FOR IMMEDIATE RELEASE
Friday, October 5, 2018
Contact: Matt Wilder
Yes on 3 Launches Campaign Ads in Support of Transgender Nondiscrimination Law
BOSTON – “Yes on 3,” the bipartisan coalition seeking to uphold the state’s transgender nondiscrimination law at the ballot this Election Day, has released its first ads of the campaign. The three ads feature prominent supporters of the law, including a transgender teen from Massachusetts with his family, a former police chief with three decades of experience on the force, and the executive director of the Massachusetts Coalition Against Sexual Assault and Domestic Violence.
“I love my kids, and I’d do anything to protect them,” says Don, father to a transgender teenage son, in one of the ads. “For me, that includes taking care of my transgender son, Ian. I want him to be protected from discrimination in public places, like restaurants.”
The video explains that Ian was born a girl, but always knew he was a boy.
Rep. Paul Tucker, a 32-year veteran of the Salem Police Force and former Salem Police Chief for five years, speaks to safety concerns in another ad. “Laws already exist to prevent assault and hold offenders accountable,” he says. “In the two years since state law began protecting transgender people from discrimination, there’s been no increase in public safety incidents, including in restrooms.
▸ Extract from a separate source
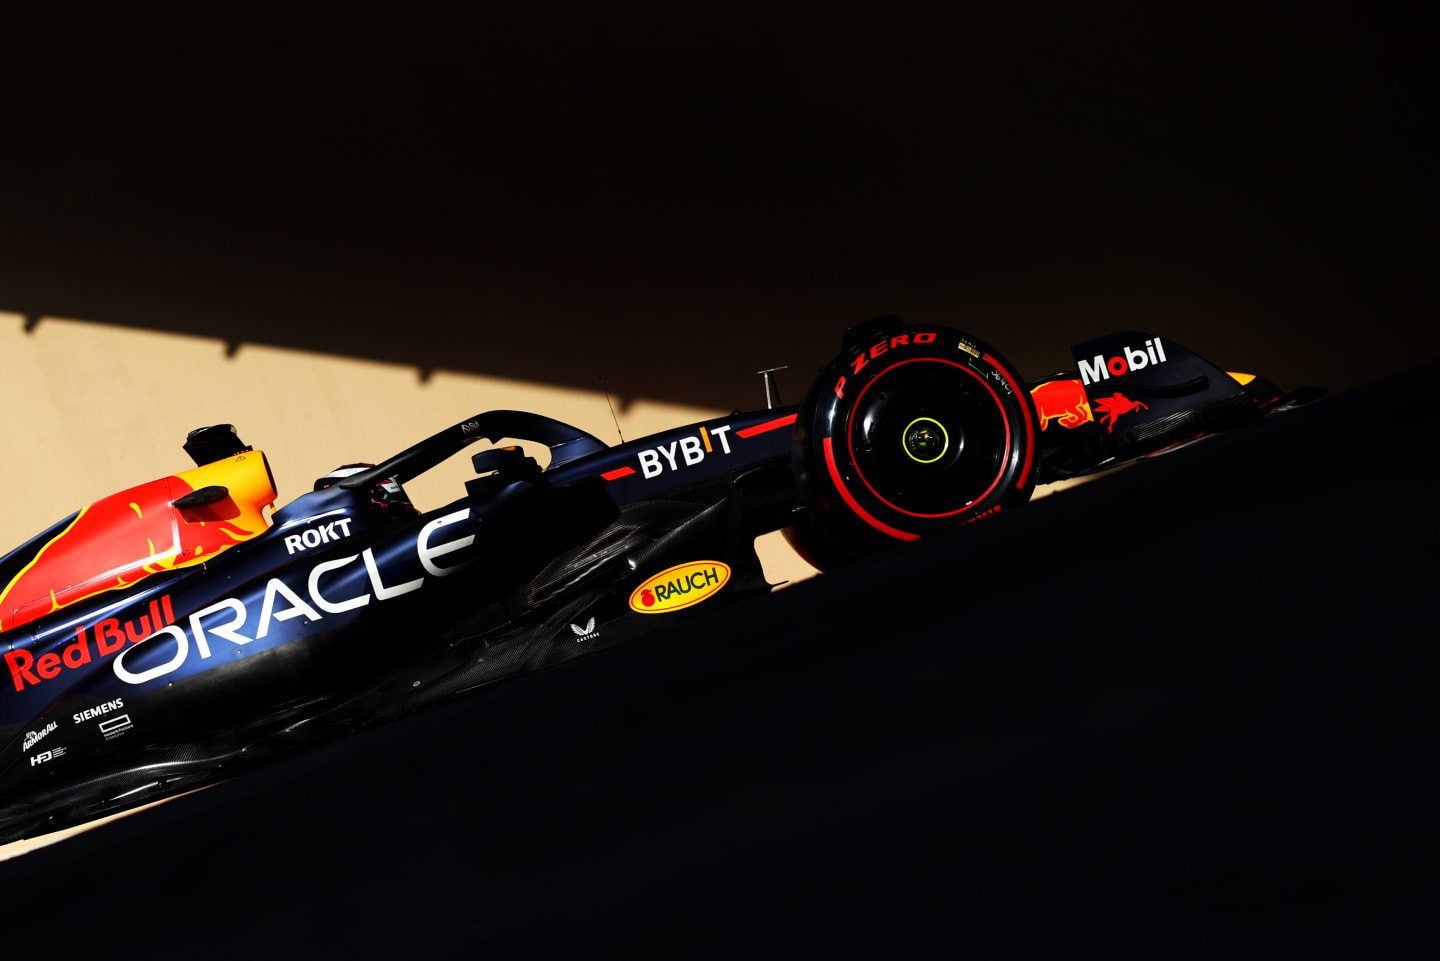 Jake Dennis drives the Red Bull RB19 during the test in Abu Dhabi

Ensuring dignity and respect for everyone is not a threat to public safety.”
In the third ad, Rep. Tucker is joined by Debra Robbin, the executive director of the Massachusetts Coalition Against Sexual Assault and Domestic Violence. “Dignity and respect. That’s what this is about,” Debra explains.
The three ads can be viewed below:
“My Kid,” featuring Don and his son Ian: https://freedommassachusetts.org/my-k/
“Community,” featuring Rep. Tucker: https://freedommassachusetts.org/community/
“Important,” featuring Rep. Tucker and Debra Robbin: https://freedommassachusetts.org/important/
In 2016, at the urging of civic, business and community leaders throughout the Commonwealth, the Massachusetts legislature passed – with a bipartisan, supermajority vote – the historic nondiscrimination protections for transgender people in public places. Governor Charlie Baker signed the bill into law in July 2016. Shortly after it went into effect in October 2016, a small group of opponents gathered the minimum number of signatures required to place the law on the ballot for repeal in November 2018.
The Williams Institute released a peer-reviewed study in September that found there has been no increase in public safety incidents in restrooms, locker rooms, or changing rooms in cities and towns in MA with transgender-inclusive public accommodations ordinances — including in Boston, where an ordinance has been in place for more than a decade.
A “yes” vote on question 3 keeps critical protections for transgender people from discrimination in place. A “no” vote repeals this provision of the public accommodations law.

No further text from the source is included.